» Recorded data:
───
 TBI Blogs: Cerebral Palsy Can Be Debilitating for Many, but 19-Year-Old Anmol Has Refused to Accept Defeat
───
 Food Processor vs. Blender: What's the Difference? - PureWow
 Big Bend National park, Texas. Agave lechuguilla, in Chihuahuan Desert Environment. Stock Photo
───
» How to complete this task: Set down, exactly as they appear above, all lines from the one that has "Food Processor vs." down to the one that has "Big Bend National", including those two and no others.

» Answer for the task:
 Food Processor vs. Blender: What's the Difference? - PureWow
 Big Bend National park, Texas. Agave lechuguilla, in Chihuahuan Desert Environment. Stock Photo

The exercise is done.